The loss function is a binary cross entropy function that is commonly used in binary classification problems. Where in Eq. 1, x is the input degraded image which has a corresponding ground-truth image y. G tries to minimize the loss, whereas the adversarial D tries to maximize it.

Some recent works have found that it is desirable to mix the generative adversarial loss with other traditional loss, such as L1 [21] or L2 [23] distance. We also consider this trick, but here, L2 distance is adopted rather than L1 distance because L2 distance encourages G to explore the mapping from the input image to its ground truth and therefore make images more realistic:

$$ {L}_{L2}(G)={E}_{x,y}\left[{\left\Vert y-G(x)\right\Vert}_2^2\right] $$
(2)

Above all, the loss function of generative network LG and the loss function of discriminative network LD are formally defined as:

$$ {L}_G=\log \left(1-D\left(G(x)\right)\right)+\lambda {\left(y-G(x)\right)}^2 $$
(3)
$$ {L}_D=-\log \left(D(y)\right)-\log \left(1-D\left(G(x)\right)\right) $$
(4)

The purpose of the discriminative network D is to distinguish real or fake data. From D’s perspective, if a sample comes from real data, D will maximize its output. While, if a sample comes from G, D will minimize its output. Thus, the overall aim is to minimize Eq. 4. Simultaneously, G wants to confuse D, so it tries to maximize D’s output when a fake sample is presented to D, that is, to minimize Eq. 3 where x is the input-degraded image whose corresponding ground-truth image is y and λ is the hyper parameter.

Architecture of networks

The architecture of the proposed ARGAN is based on two deep convolutional neural networks, namely the generative network G and discriminative network D, whose combined efforts aim at obtaining a sharp image for a given input image. Figure 1 shows the architecture of the proposed ARGAN.

Fig. 1
figure1

Architecture of the proposed ARGAN

Generative network

The generative network G is designed for generating a sharp image by reducing the image compression artifacts given the input image. The structure of generative network is inspired by the configuration of “U-Net” [24] which is an encoder-decoder with skip connections between mirrored layers in the encoder and decoder stacks. This kind of structure allows the same size of the input and output image, and the local and global information of the image can be taken into account at the same time. This is the reason why we adopted the structure of “U-NET” as the generative network in the ARGAN. The network G firstly encodes the input image into high-dimensional representation, utilizing a stack of convolution-batch normalization-LeakyReLU layers, and then the rest of deconvolution-batch normalization-ReLU layers will decode the output image. The details of the generative network G are demonstrated in the Table 1.
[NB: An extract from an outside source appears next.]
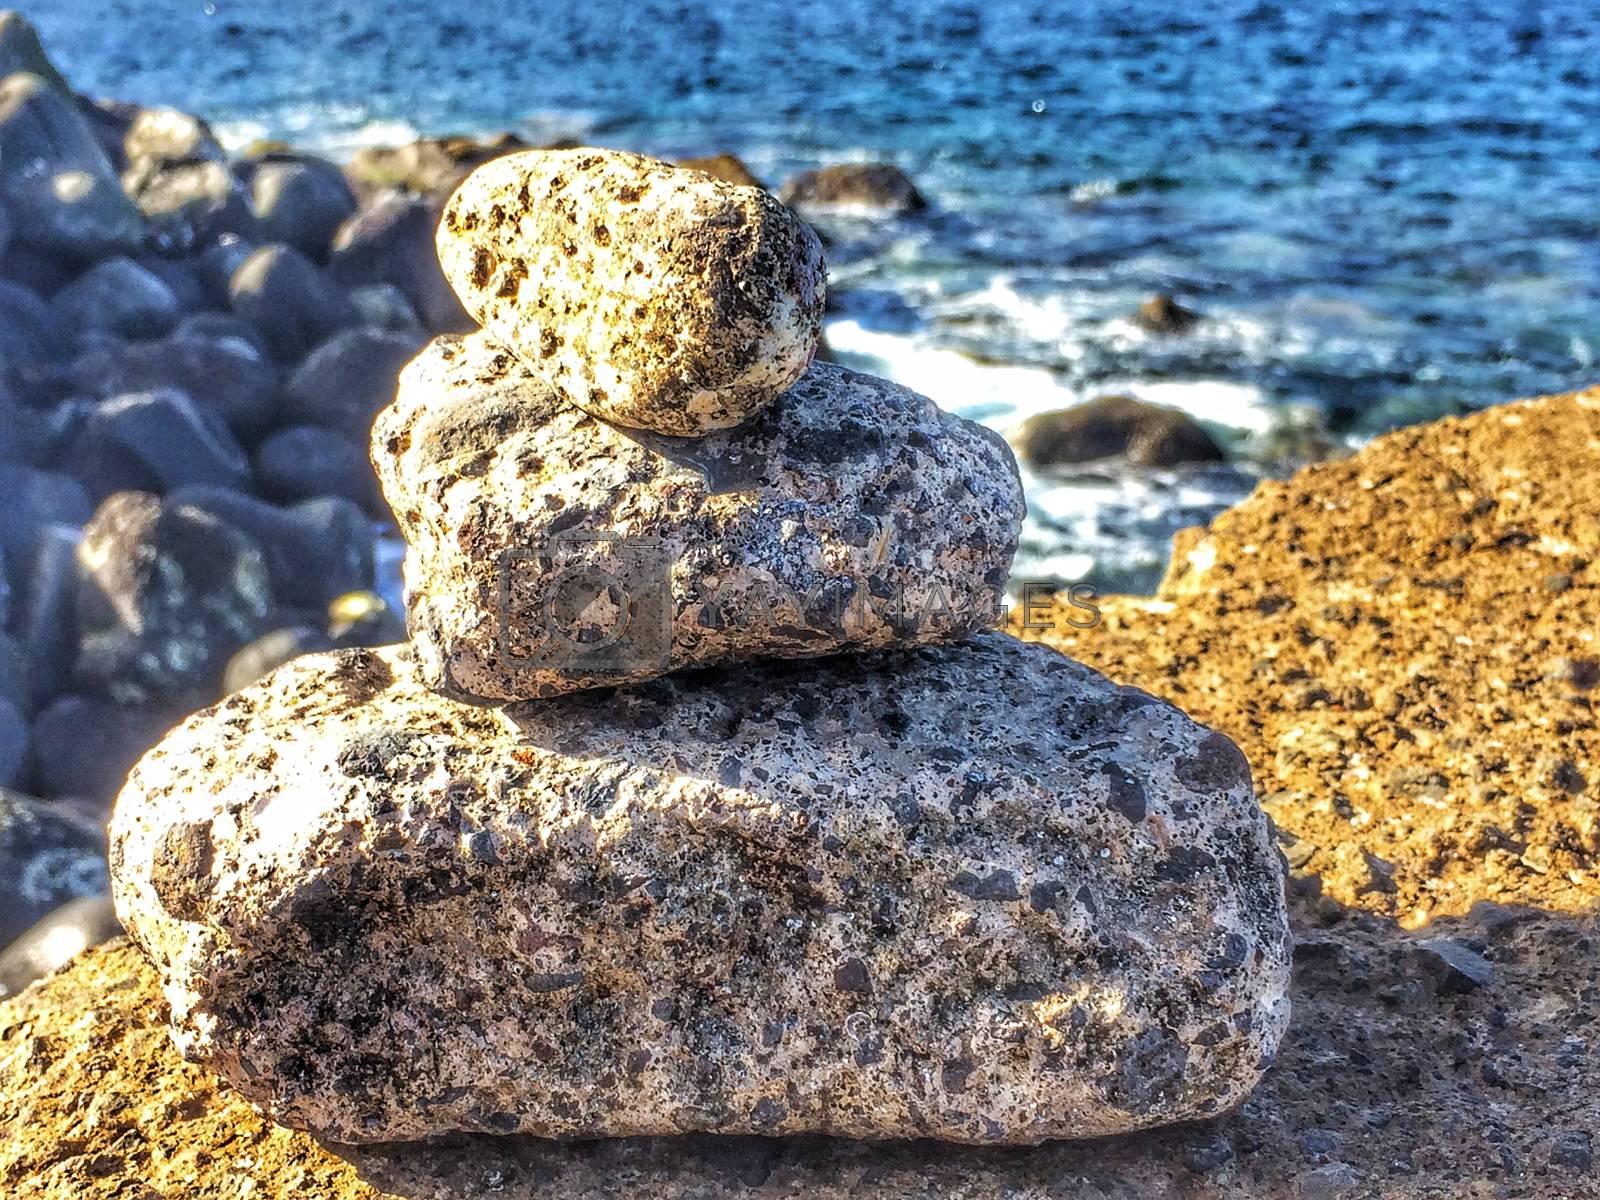 Zen stones on a rock near the atlantic ocean by bremse

Table 1 The details of the generative network G

Discriminative network

The discriminative network D is proposed to compute the discrepancy between the data distribution of the generated images and the ground-truth images. The output of the discriminative network D represents the possibility that the input image comes from the real-world dataset (true) rather than from the generative network (fake). All the convolution layers use LeakyReLU activations, with the exception of the final layer, which adopts a sigmoid activation. The details of the network D are listed in the Table 2.
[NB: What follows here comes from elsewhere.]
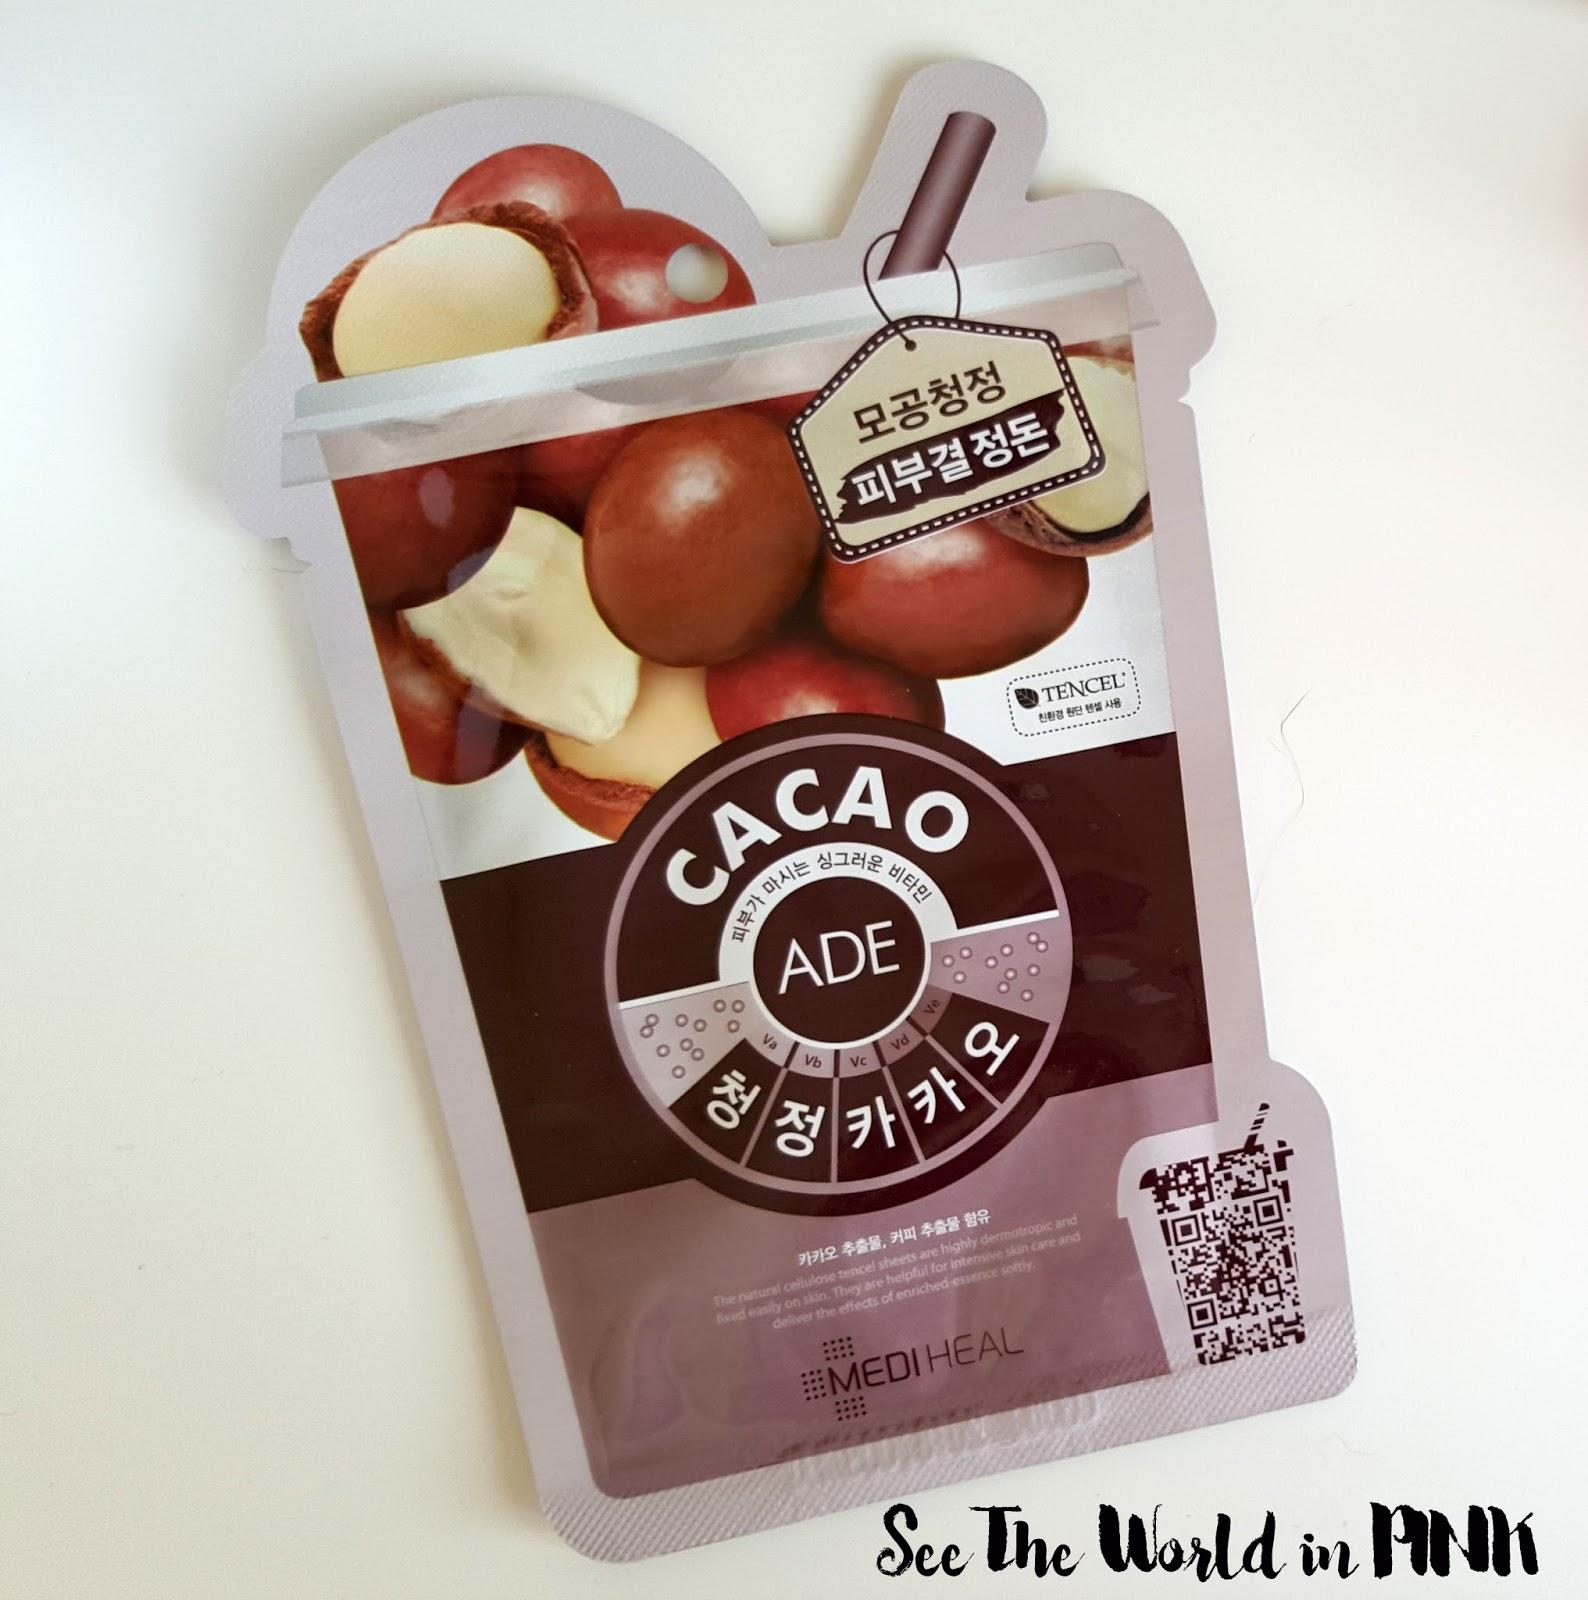 Beauty Clinic Mediheal Cacao (Cocoa) Ade Mask

Table 2 The details of the discriminative network D

Results and discussion experiments

Experiment settings

We use the VOC2012 dataset [25], which includes 16,700 images, as our training set. We trained our network models (in 1,500,000 iterations with a batch size of 64) on one NVIDIA GTX970 GPU using Pytorch. The weights of the networks are trained from scratch. Training images are random cropped into 64 × 64 sub-images during each batch. In the training phase, we follow [21] and use an Adam solver with a learning rate of 0.0002 and an initial momentum of 0.5. After one update of the discriminative network D, the generative network G will also be updated one time.
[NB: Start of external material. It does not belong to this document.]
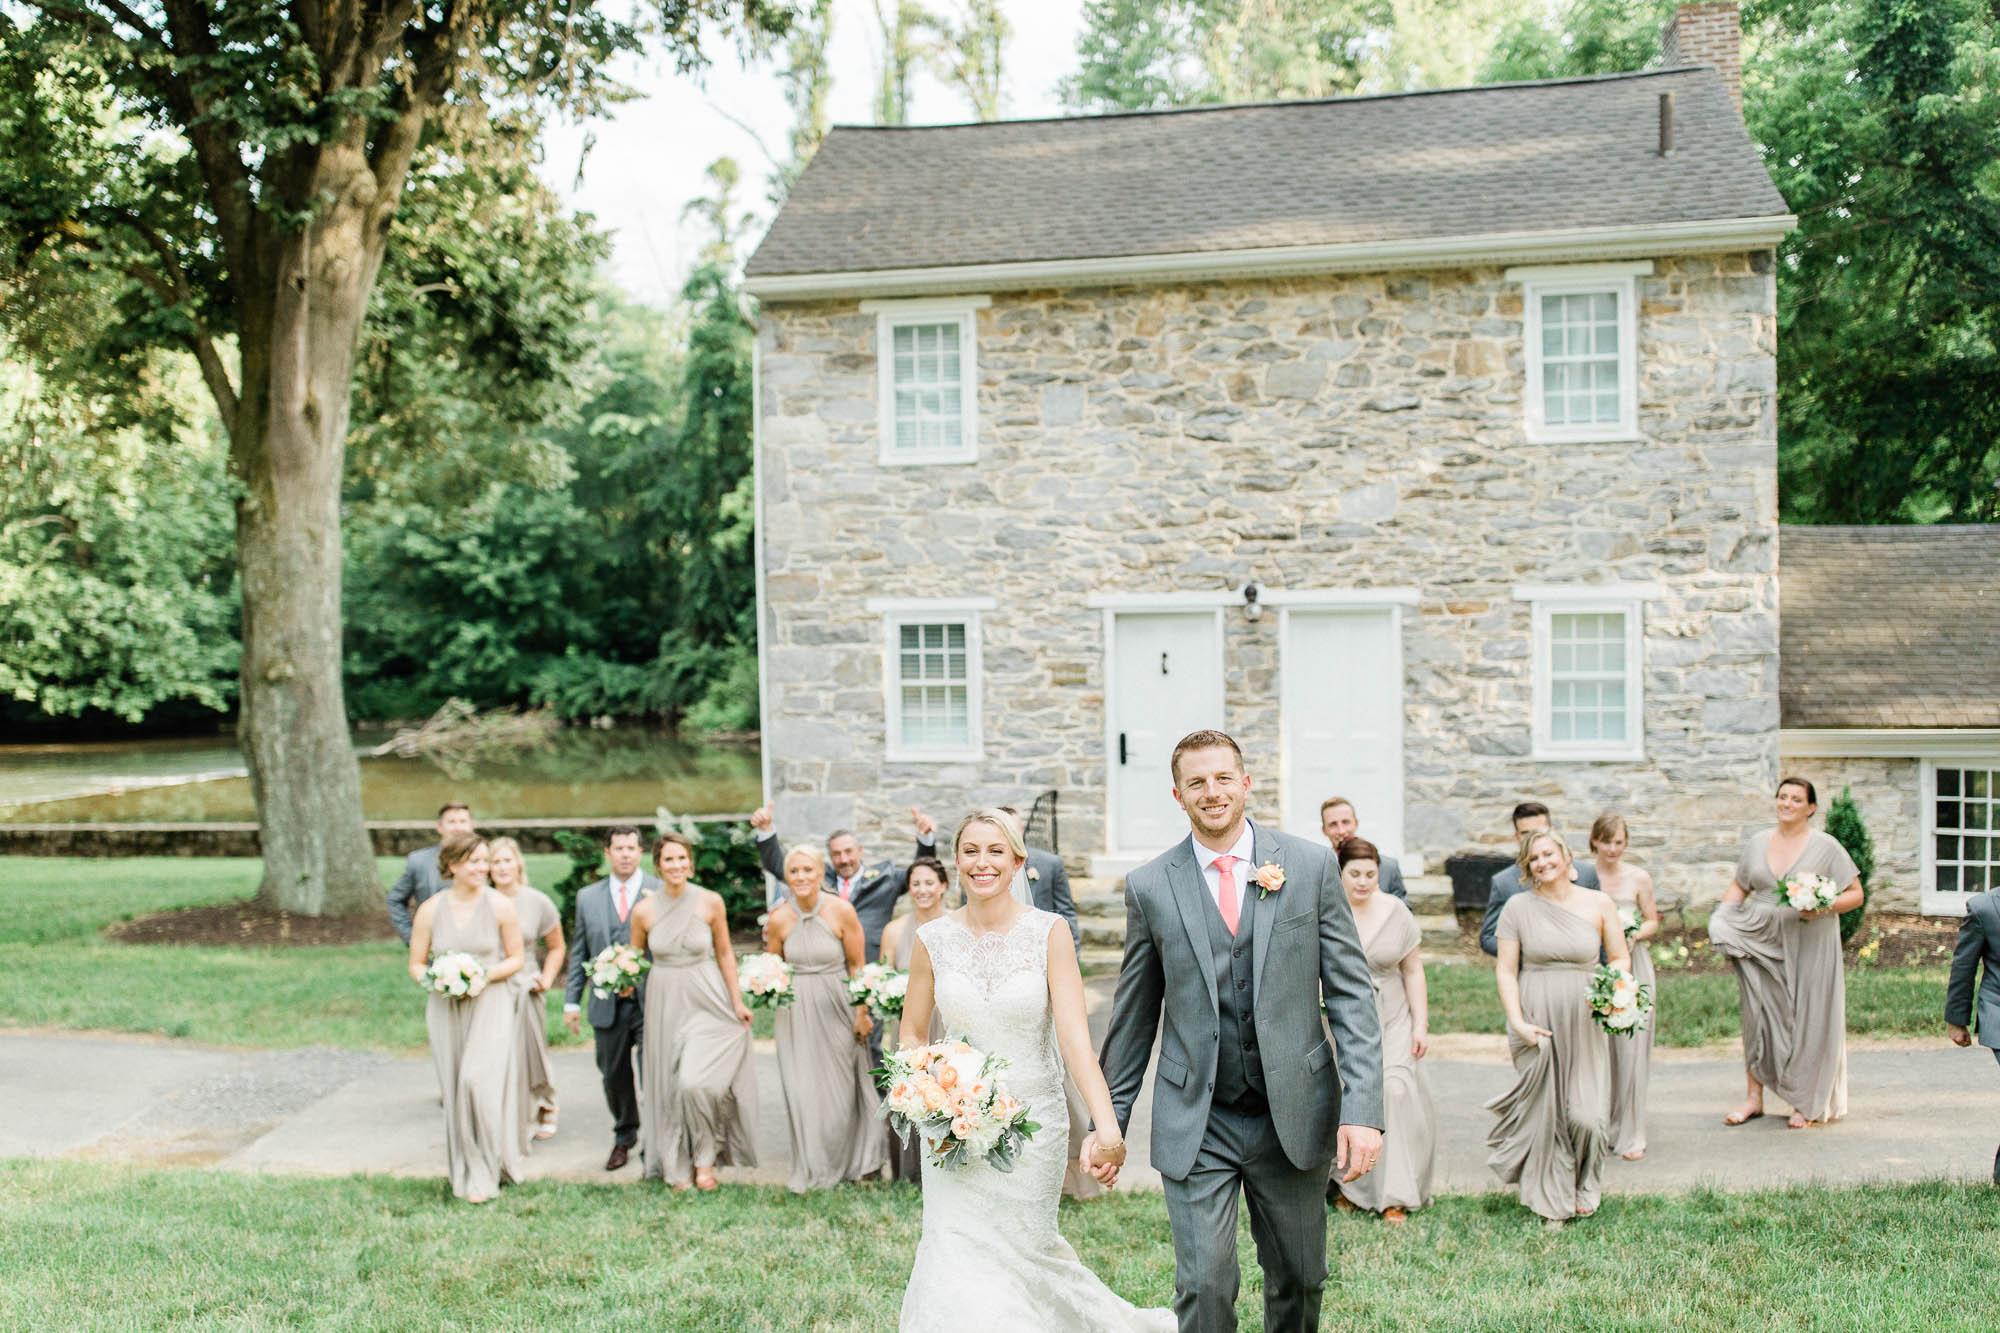 Allenberry-resort-historic-pennsylvania-wedding-10269.jpg

We compare our method with several state-of-the-art algorithms, including the deblocking oriented method SA-DCT [9] and the deep model ARCNN [10], D3 [11], on restoring JPEG-compressed images. Following [8], we adopt standard JPEG compression and set JPEG quality q = 10, 20, 30, 40 (from low quality to high quality) in JPEG encoder. With the test datasets LIVE1 [26] and the 5 test images in [9], the PSNR, SSIM [27] measurements are applied for quality assessment. In this paper, our method is only applied on the luminance channel as same as [10] (Y channel in YcbCr color space), and PSNR is evaluated on the Y channel. The PSNR can be defined as:

$$ \mathrm{MSE}=\frac{1}{\mathrm{mn}}\sum \limits_{i=0}^{m-1}\sum \limits_{j=0}^{n-1}{\left\Vert I\left(i,j\right)-K\left(i,j\right)\right\Vert}^2 $$
(5)
$$ \mathrm{PSNR}=10\cdot {\log}_{10}\left(\frac{{\operatorname{MAX}}_I^2}{\mathrm{MSE}}\right)=20\cdot {\log}_{10}\left(\frac{{\operatorname{MAX}}_I}{\sqrt{\mathrm{MSE}}}\right) $$
(6)

where I is the ground-truth image and K is the restored image. The size of the I and K are both m × n, and the MAXI is the gray level of the image. Generally speaking, the better the image quality, the larger the value of PSNR.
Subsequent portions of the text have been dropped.